== What to do ==
With pictures left out, copy exactly every line from the one containing "Pantone Ultra Violet" through the end of the material.

== Data block ==
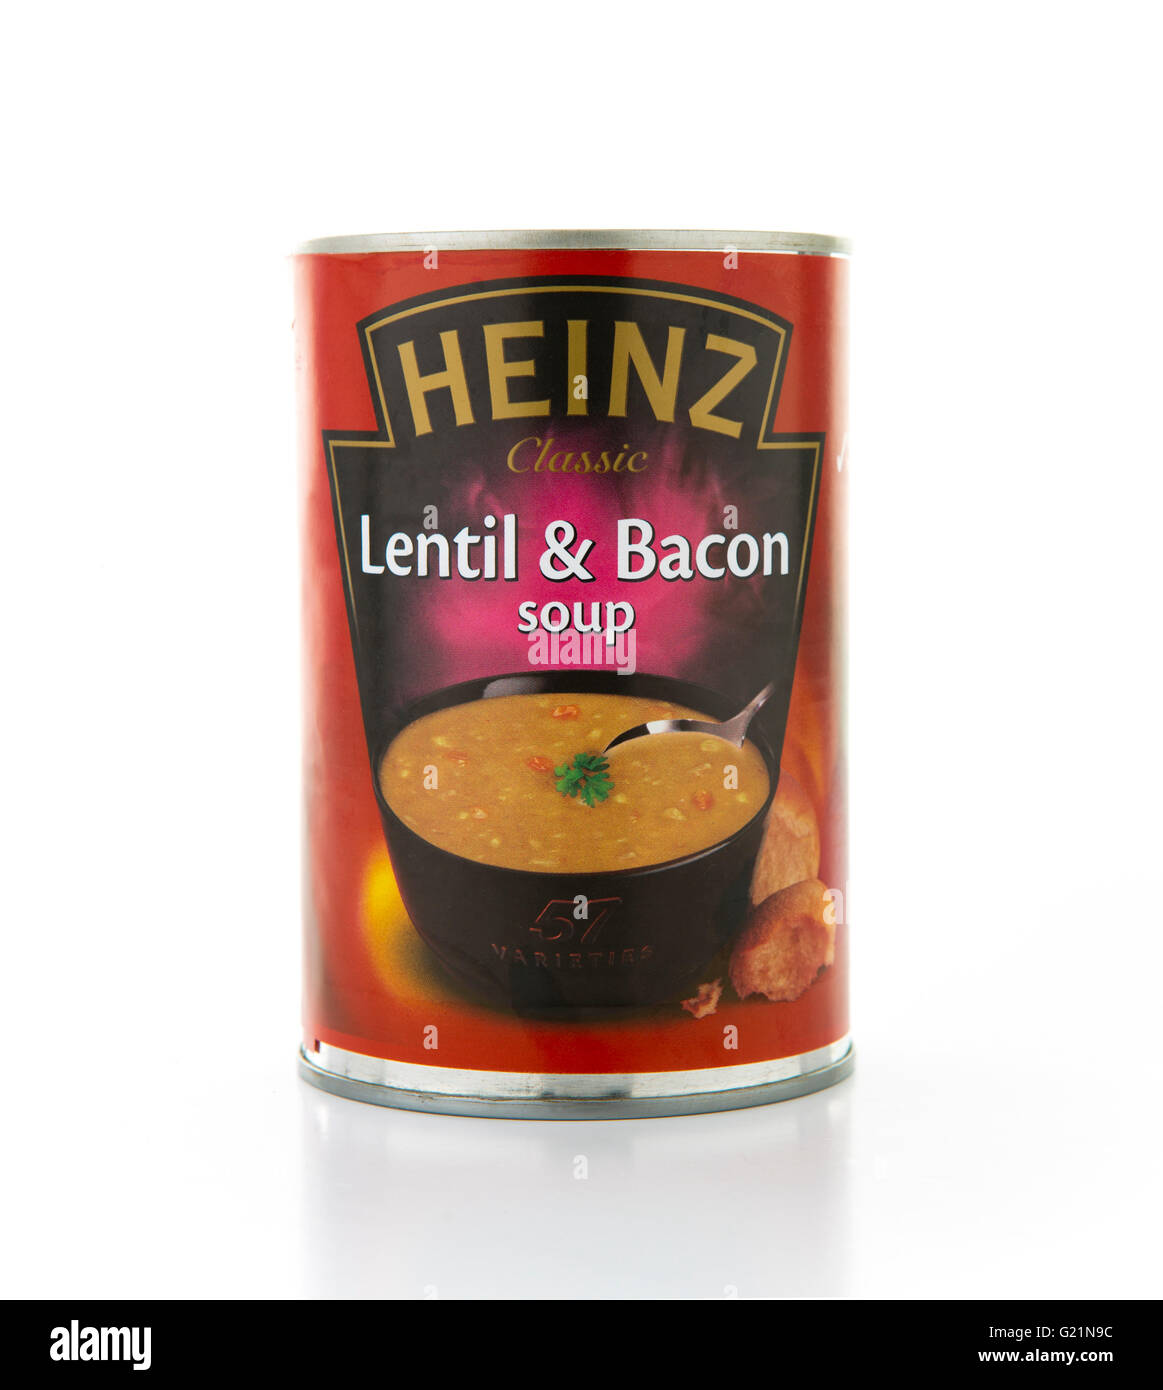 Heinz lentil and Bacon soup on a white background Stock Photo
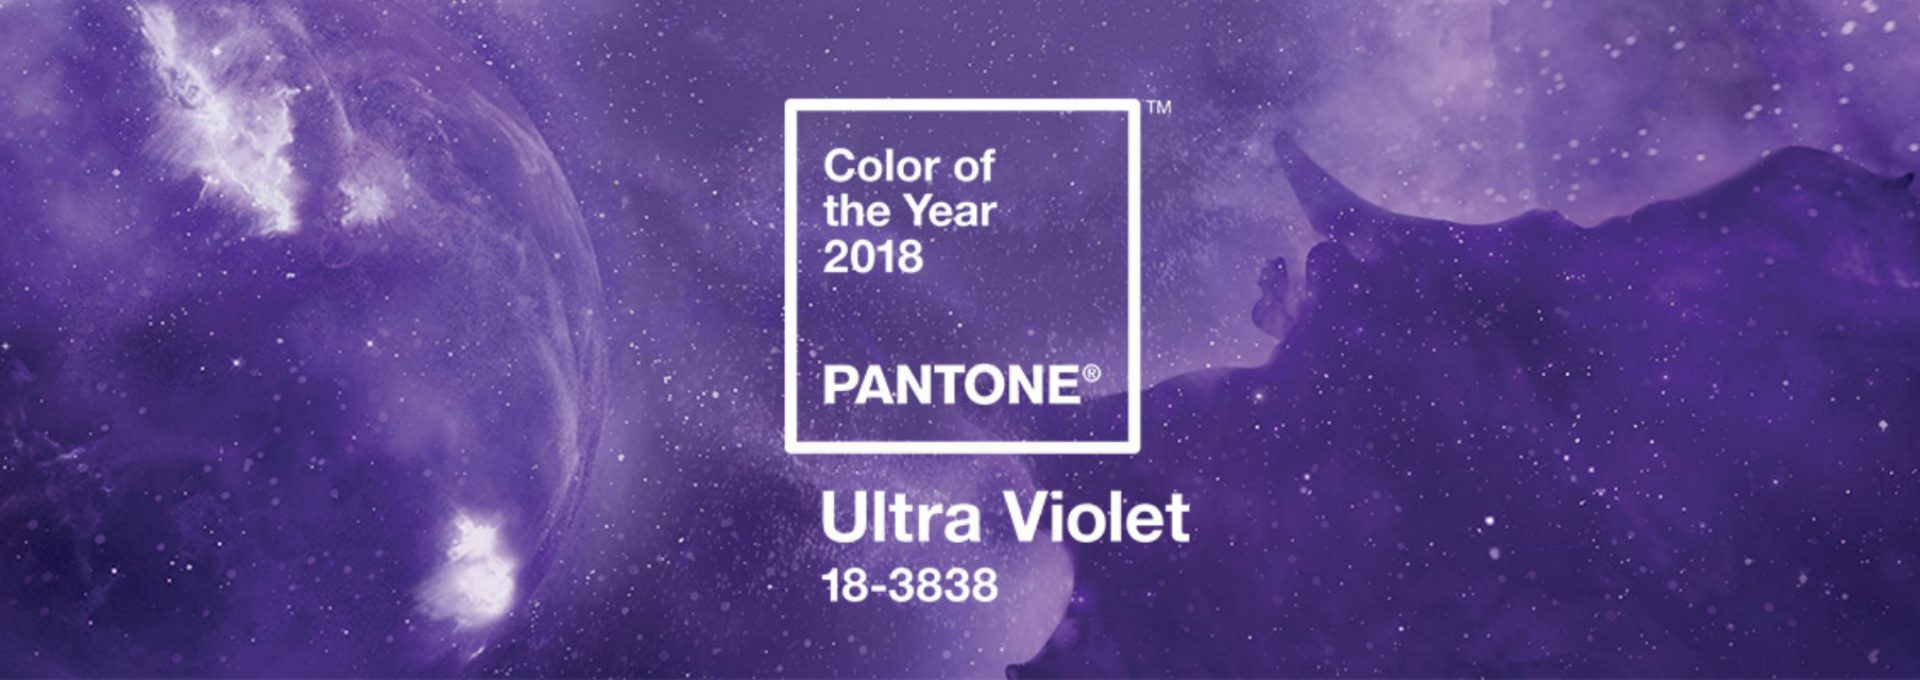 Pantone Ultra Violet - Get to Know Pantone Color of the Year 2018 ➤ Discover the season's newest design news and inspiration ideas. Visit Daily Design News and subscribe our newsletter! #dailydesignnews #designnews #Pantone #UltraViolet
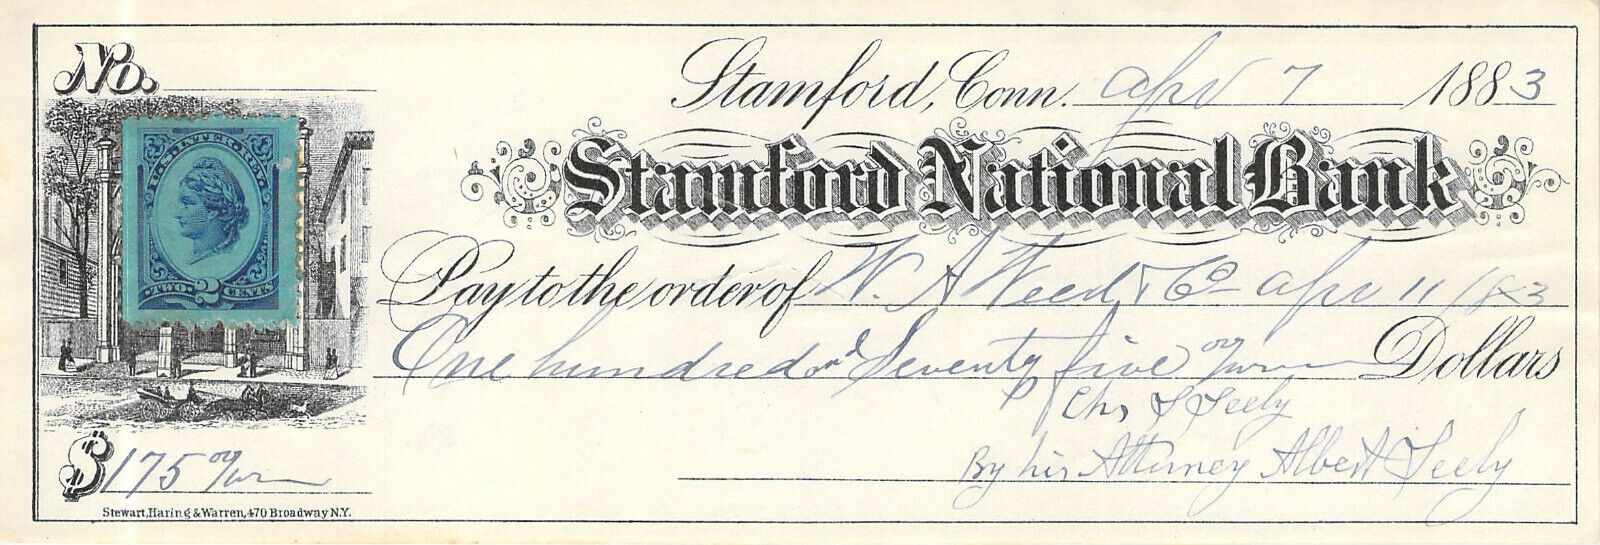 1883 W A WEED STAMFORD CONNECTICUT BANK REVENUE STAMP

== Exercise answer ==
 Pantone Ultra Violet - Get to Know Pantone Color of the Year 2018 ➤ Discover the season's newest design news and inspiration ideas. Visit Daily Design News and subscribe our newsletter! #dailydesignnews #designnews #Pantone #UltraViolet
 1883 W A WEED STAMFORD CONNECTICUT BANK REVENUE STAMP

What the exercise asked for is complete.